──────── RECORDS TO PROCESS ────────

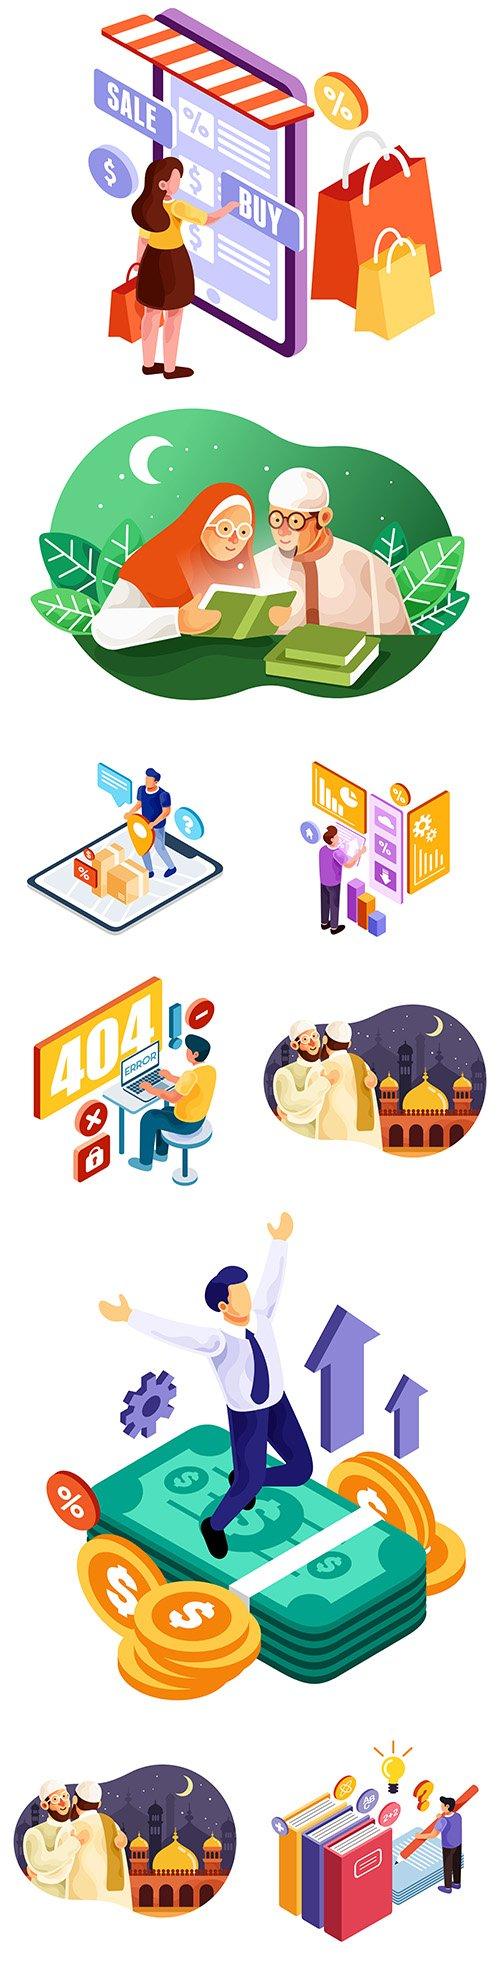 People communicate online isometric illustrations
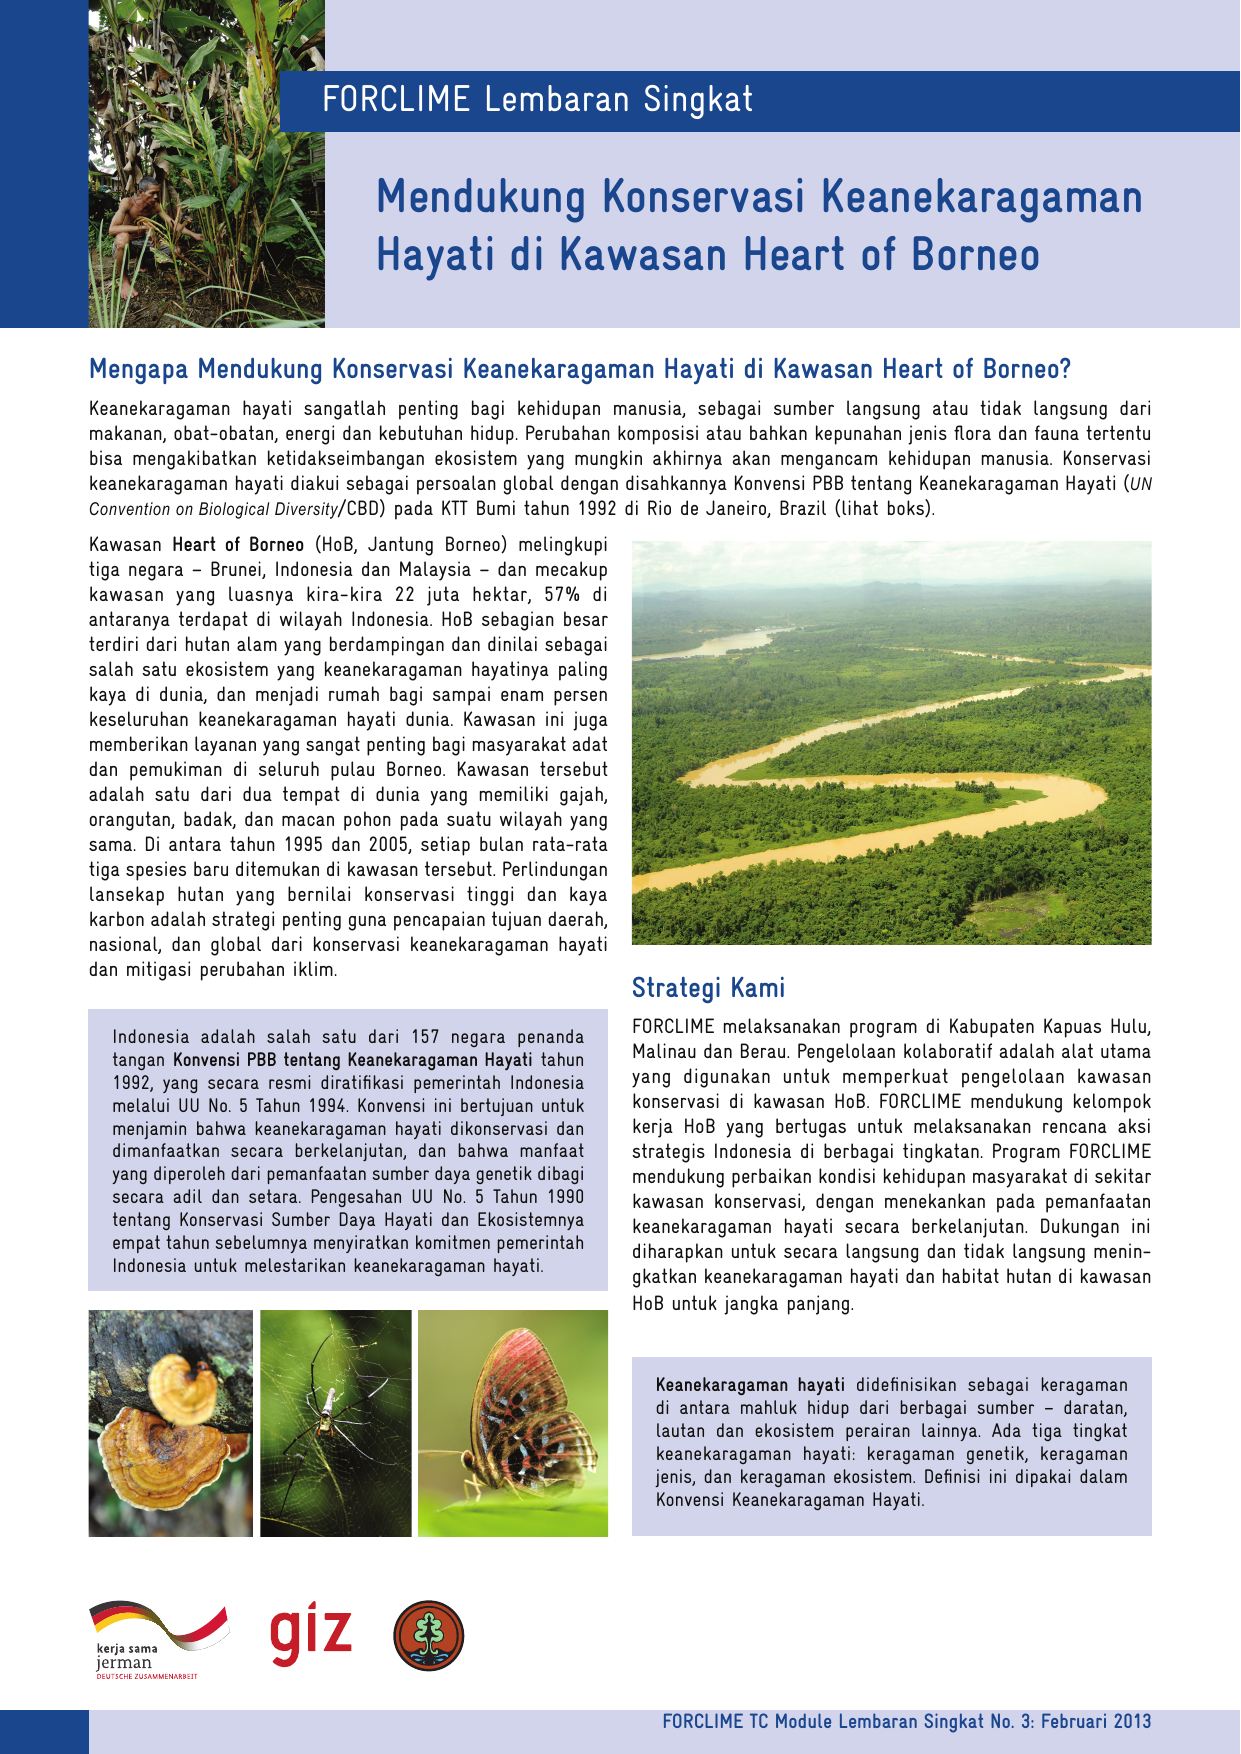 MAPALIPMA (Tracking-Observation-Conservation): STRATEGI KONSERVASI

────────
──────── RECORDS TO PROCESS ────────

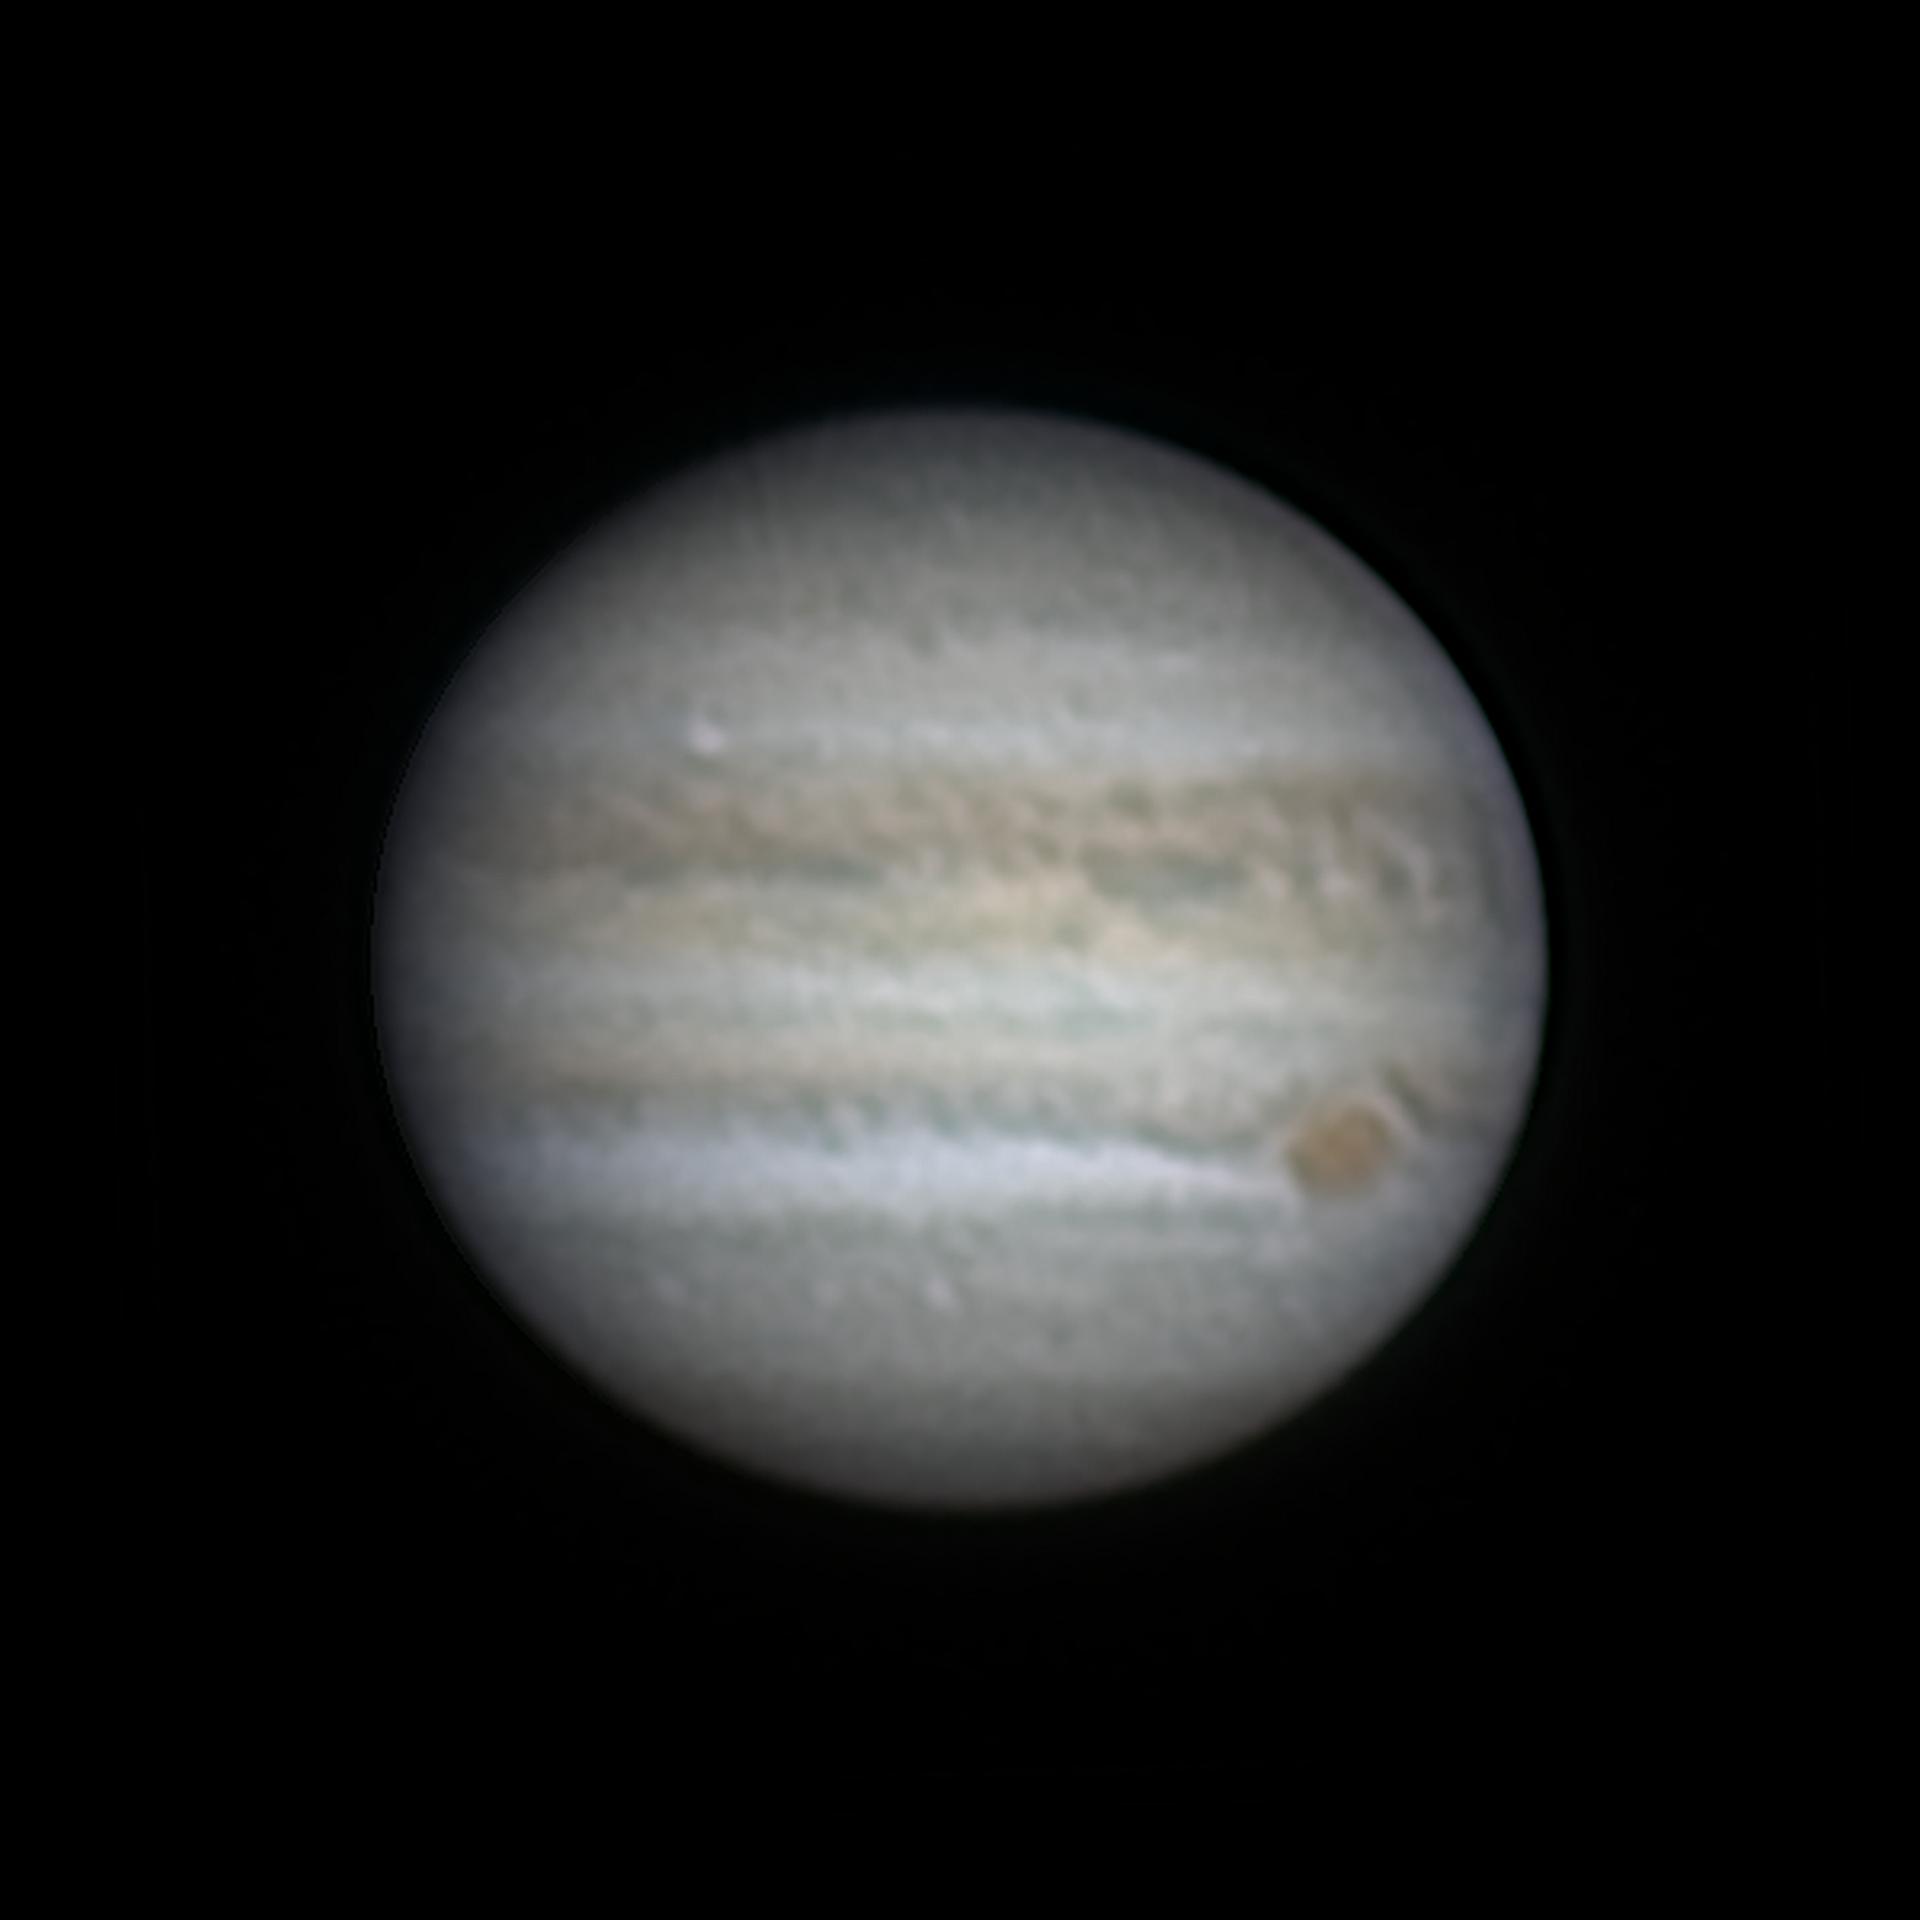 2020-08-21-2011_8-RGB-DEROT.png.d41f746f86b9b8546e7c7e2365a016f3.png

────────

> _WORK TO BE COMPLETED_
Find where the line with "People communicate online" sits in the material above and where the line with "MAPALIPMA (Tracking-Observation-Conservation): STRATEGI" sits. Set down exactly the lines from the first to the second, both included and nothing else, without pictures.

> _EXERCISE OUTPUT_
 People communicate online isometric illustrations
 MAPALIPMA (Tracking-Observation-Conservation): STRATEGI KONSERVASI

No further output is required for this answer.